Law360 (May 20, 2021, 6:01 PM EDT) --
These figures suggest that the number of open MDB investigations may approach or even exceed the number of investigations being pursued by government law enforcement agencies such as the United Kingdom's Serious Fraud Office and Financial Conduct Authority.
As the pandemic slowly subsides, the number of individuals and businesses coming under MDB scrutiny will no doubt increase; particularly so given the World Bank's announcement that it will deploy up to $160 billion in financing, including over $50 billion of individual development account resources in grants and highly concessional terms, to help developing countries recover from COVID-19's devastating economic effects.
With this unprecedented financing commitment, the World Bank and its new head of enforcement will be keen to ensure the highest degree of integrity is maintained in bank-financed COVID-19-related projects, including by engaging civil society organizations to help monitor COVID-19 response projects.
Although MDB investigations have been a growing trend in recent years, they remain relatively unknown to the public and even to the corporations that bid on MDB-financed projects.

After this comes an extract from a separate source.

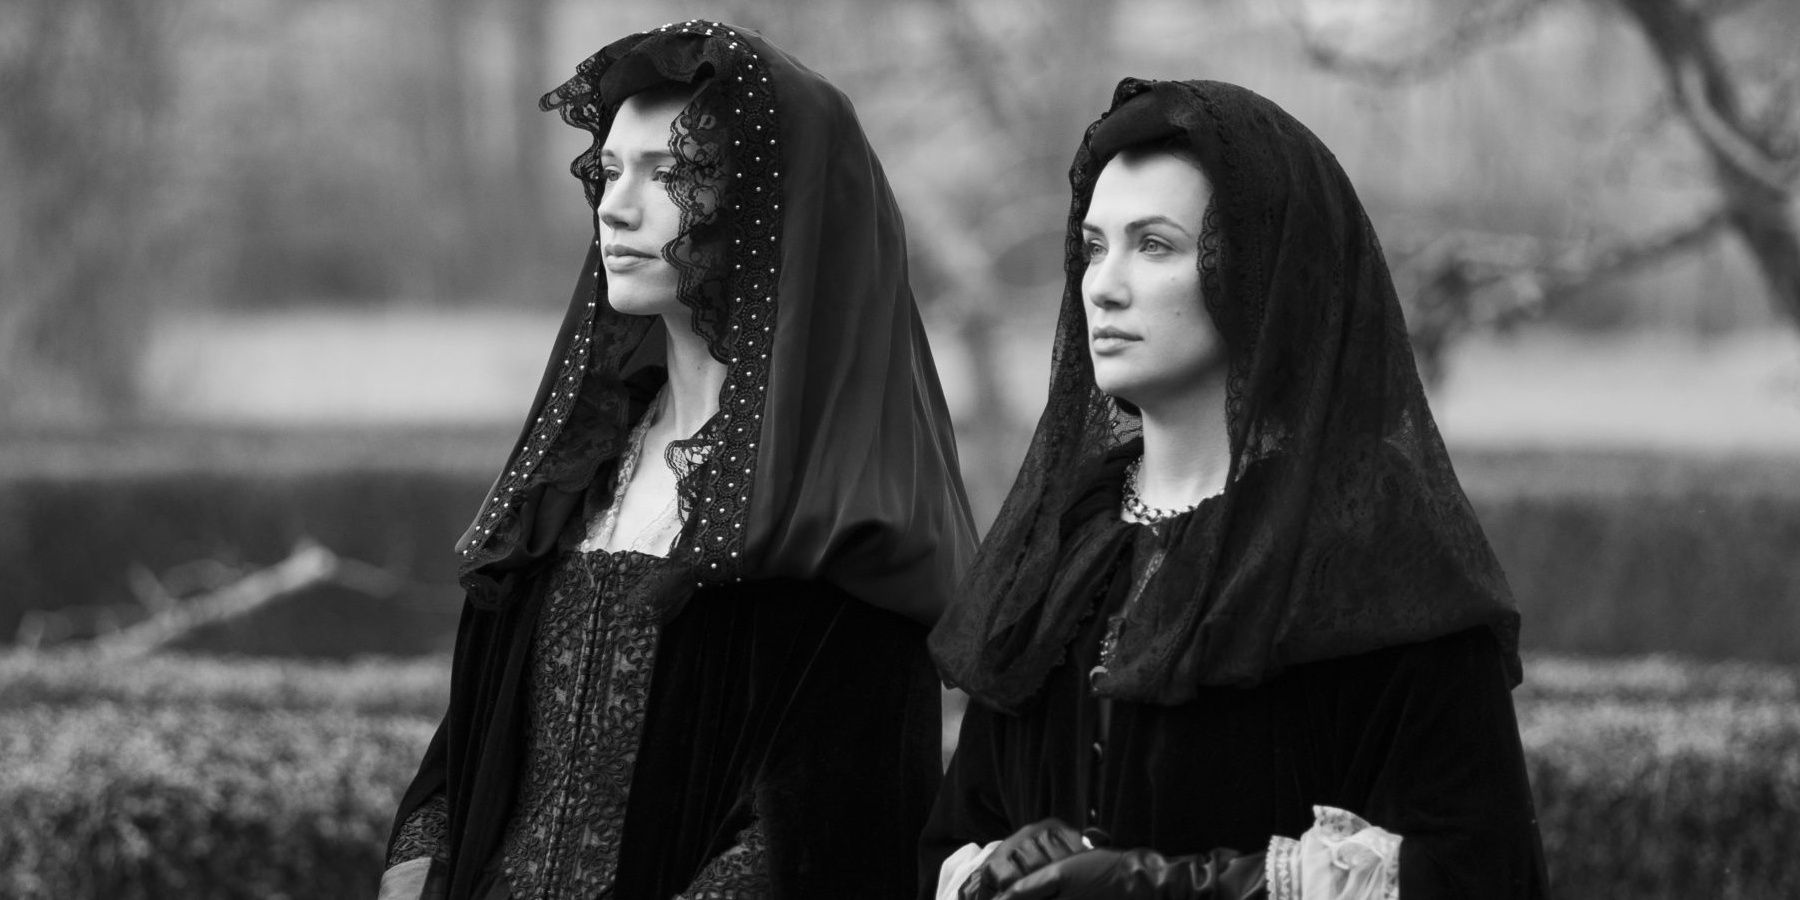 The Willoughby sisters, Perdita and Viola, stand solemnly in The Haunting of Bly Manor

But this does not mean they should be ignored.
MDBs have extensive sanctioning powers that can have a debilitating impact on a company's business activities. The spillover effect of a debarment and subsequent cross-debarment, and potential additional prosecution before national jurisdictions, alongside the significant financial impact of a temporary suspension and any disgorgement of profit should incentivize corporations to take any such investigation seriously.

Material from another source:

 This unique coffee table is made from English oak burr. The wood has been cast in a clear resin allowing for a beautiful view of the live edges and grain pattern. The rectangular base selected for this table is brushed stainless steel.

This article lays out the sanctions MDBs can impose, and some practical steps that the targets of MDB investigators should consider when navigating through an MDB inquiry.
MDBs' Jurisdiction and Investigation Prerogatives
Investigations led by MDBs derive from contractual audit rights included in the procurement guidelines that govern bank-financed projects. More specifically, the underlying legal basis for MDBs' sanctions regimes is the fiduciary duty to protect the use of bank financing.

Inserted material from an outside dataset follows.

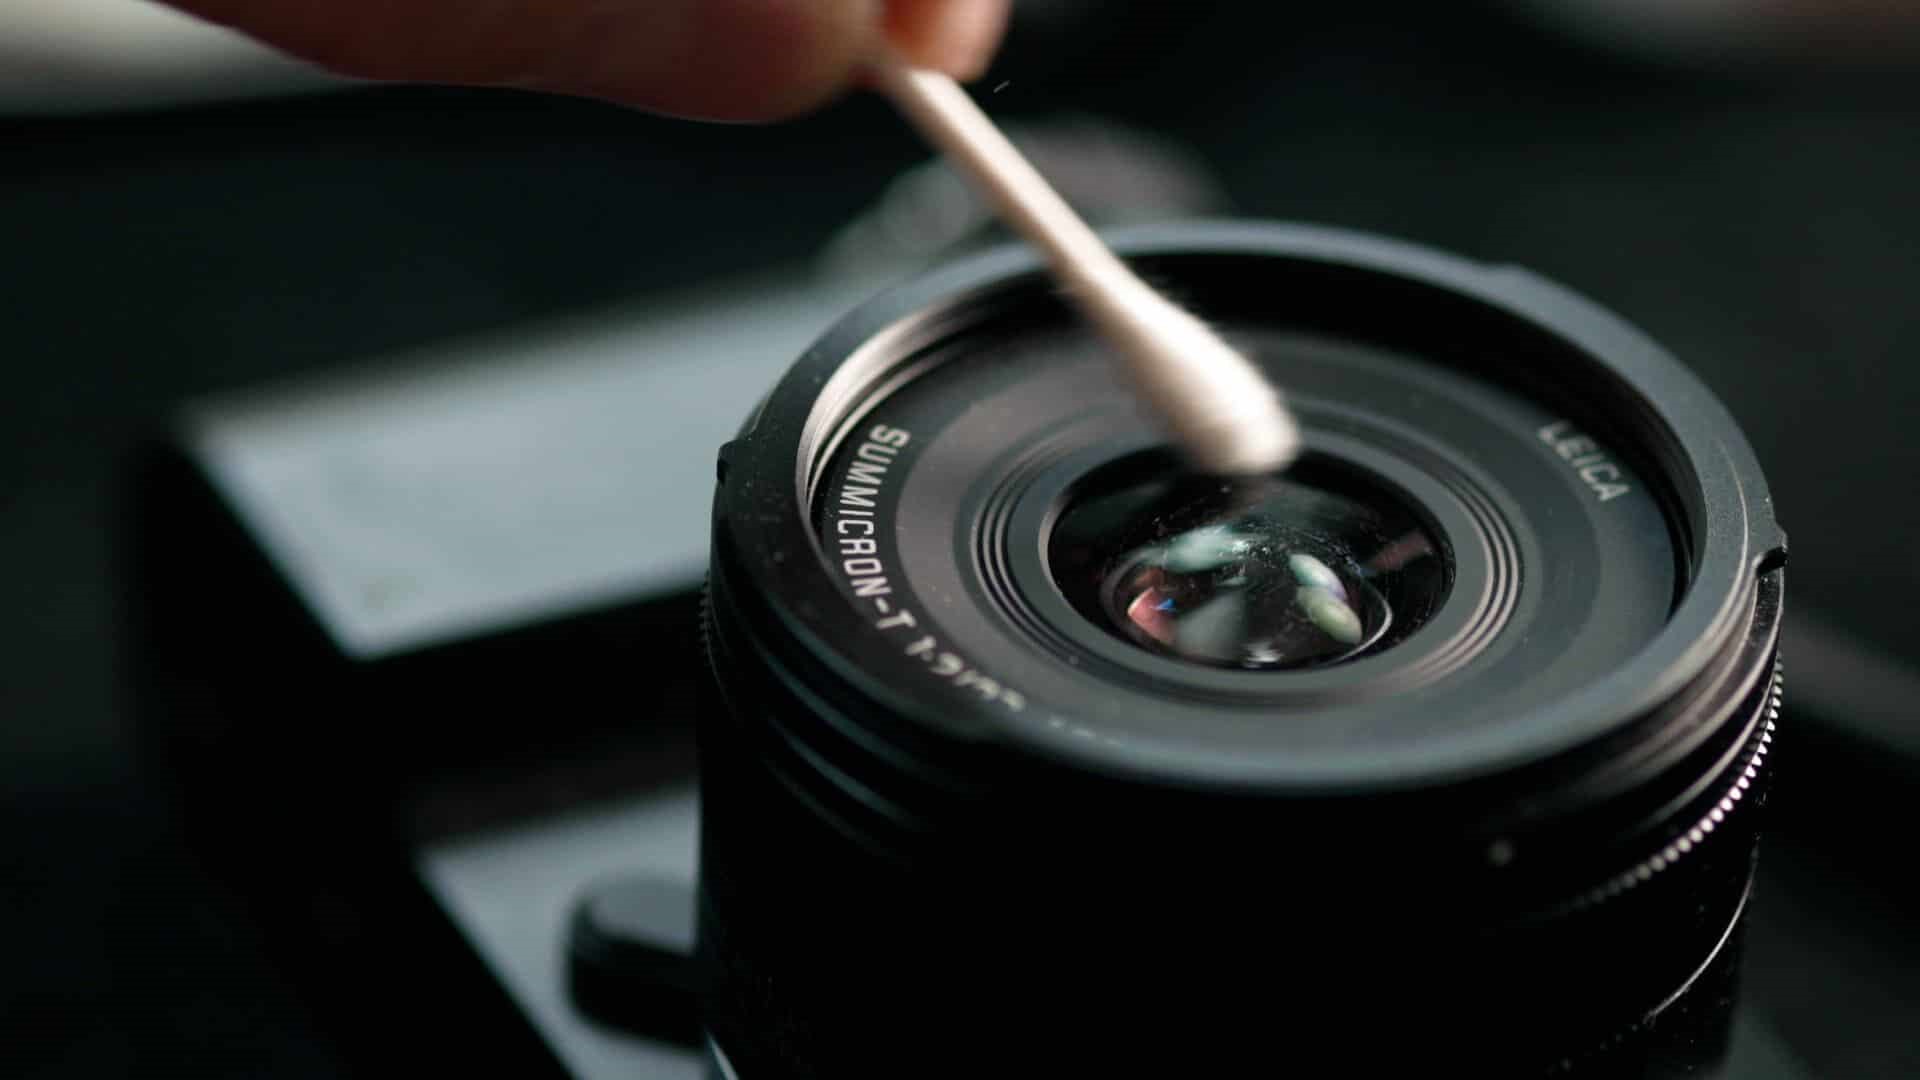 How To Clean A Camera Lens

Stemming from contractual origin, investigations led by MDBs are administrative in nature. Their scope is limited to allegations of sanctionable practices committed on bank-financed projects, which generally cover five types of wrongdoings: (1) obstruction, (2) fraud, (3) corruption, (4) collusion and (5) coercion.
Major MDBs have agreed to a harmonized definition of sanctionable practices, as well as guidelines governing investigations into potential wrongdoings, under the Uniform Framework for Preventing and Combating Fraud and Corruption of September 2006.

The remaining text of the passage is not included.